Date: June 13, 2006
To: Senate Finance & House Economic Matters Committees
From: Heather D. Hamilton, Vice President of Government Affairs, Maryland Chamber of Commerce
Re: Special Session – Public Service Commission – Electric Industry Restructuring
On behalf of the Maryland Chamber of Commerce and our local chamber members, representing more than 20,000 small, medium, and large businesses across the State, I offer the business community’s strong opposition to the above-mentioned emergency legislation.
We have heard a great deal of impassioned discussion about what Maryland should do to help BGE residential customers spread out their electric rate costs over time. As the Maryland General Assembly discusses legislative alternatives, several key points must be considered to ensure that long-term unintended consequences are not overshadowed by short-term goals.
Over the last several months, because of Hurricane Katrina and other global events, Maryland residents and businesses have had to deal with increased costs in many areas, including fuel and energy costs. Electricity rates have risen not only in Maryland but nationally as well. While the percentage increase in electricity rates in Maryland is higher than many would like to see, these costs have risen in step with global fuel costs.
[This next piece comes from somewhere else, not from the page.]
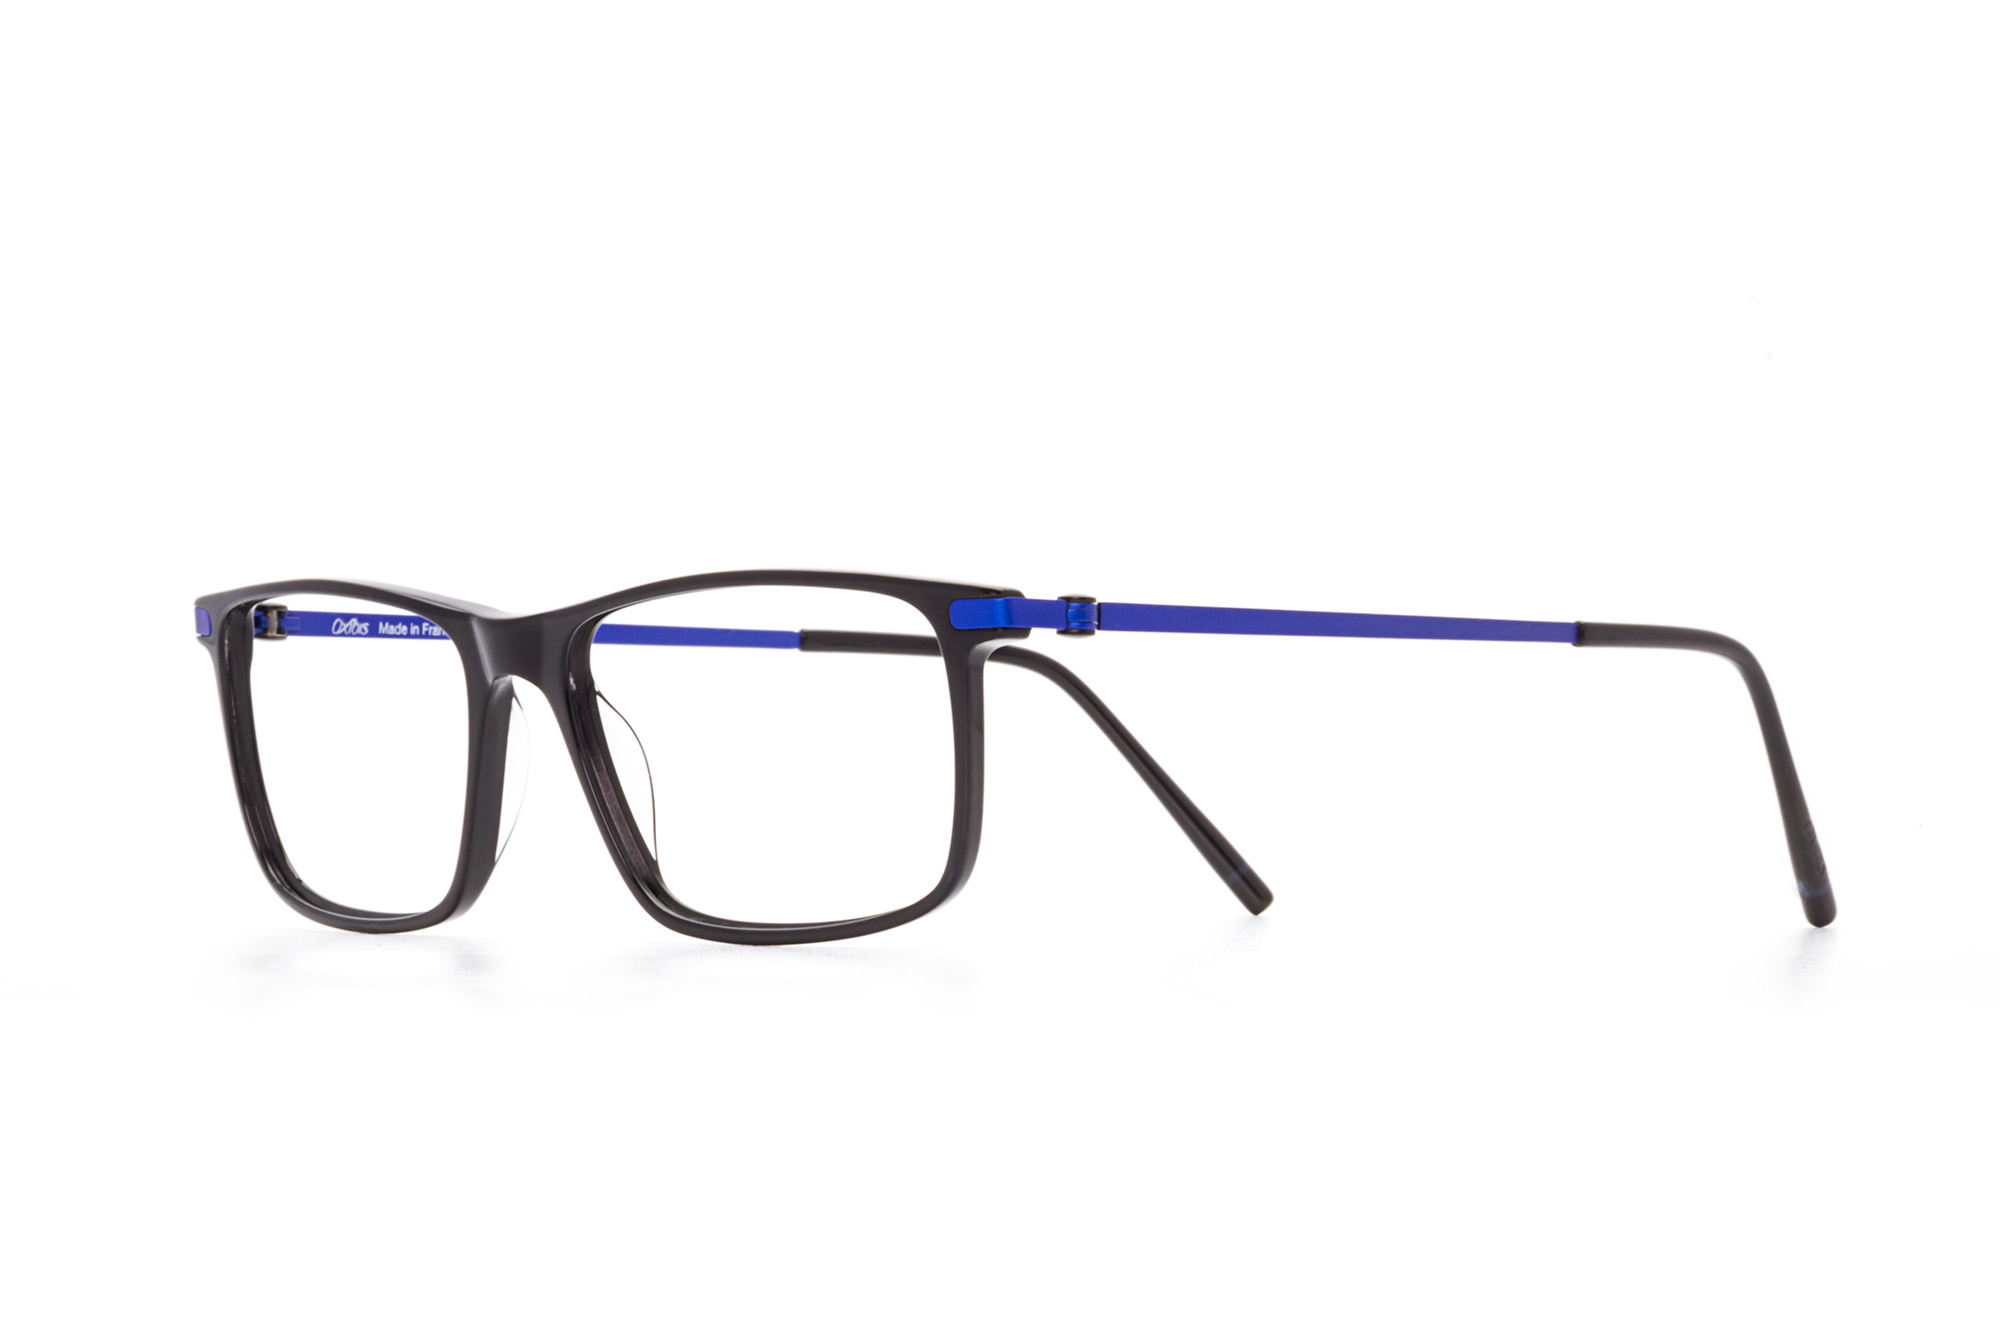 Kullanıma hazır optik tarzda işlenmiş camları ve optik uyumlu çerçevesiyle Oxibis Loop LO8C1 52 orta ekartman siyah ve mavi renkli dikdörtgen model unisex gözlüğü optisyen veya gözlükçülerin sunacağı numarasız veya numaralı cam özelleştirmeleriyle size en yakın gözlükçüden satın alabilirsiniz.

We urge the General Assembly to proceed with caution as it reviews this comprehensive legislation. Our members are very concerned that in a rush to achieve short-term relief, even if well-intentioned, the legislature could unwittingly do damage to Maryland’s business climate.
We want to see Maryland’s businesses grow and flourish. We believe that a healthy business environment is good for the citizens of this State. And, with history as our guide unfair policies drive businesses away. In fact, today, Maryland is home to only five Fortune 500 companies. Plus, many will remember a company that left Maryland. MBNA Corporation, now owned by Bank of America, left Maryland many years ago because of unfair policies and practices. Their move to Delaware was an unintended consequence resulting from past well-intended policies.
Stability and predictability are two key components that businesses need to operate efficiently and effectively and to compete in this global marketplace. An uncertain and insecure regulatory environment acts as a major deterrent to investment and entrepreneurship. From the business community’s perspective, the comprehensive legislation now being considered by the General Assembly creates an insecure regulatory environment that sends a signal not only to those within this industry but to the business community as a whole.
The State and national business communities are watching this legislation closely and Maryland’s overall legislative determinations on these complex business issues. An unprecedented attempt to severely impair a company within this State will warn other employers, who may be looking to locate or expand in Maryland, that this State’s government is hostile to business.
This legislation is not only about Constellation Energy and the utility industry, but it is also about the future business climate in Maryland. This State needs more strong, growing, and vibrant companies. They create jobs, and they give people the opportunity for wealth and career advancement. But Maryland’s prospects for retaining its companies and encouraging others to bring their operations to this State will be severely compromised if it is known as the State that looks down on success and holds businesses “hostage.” Businesses that play by the rules, should be rewarded, not punished.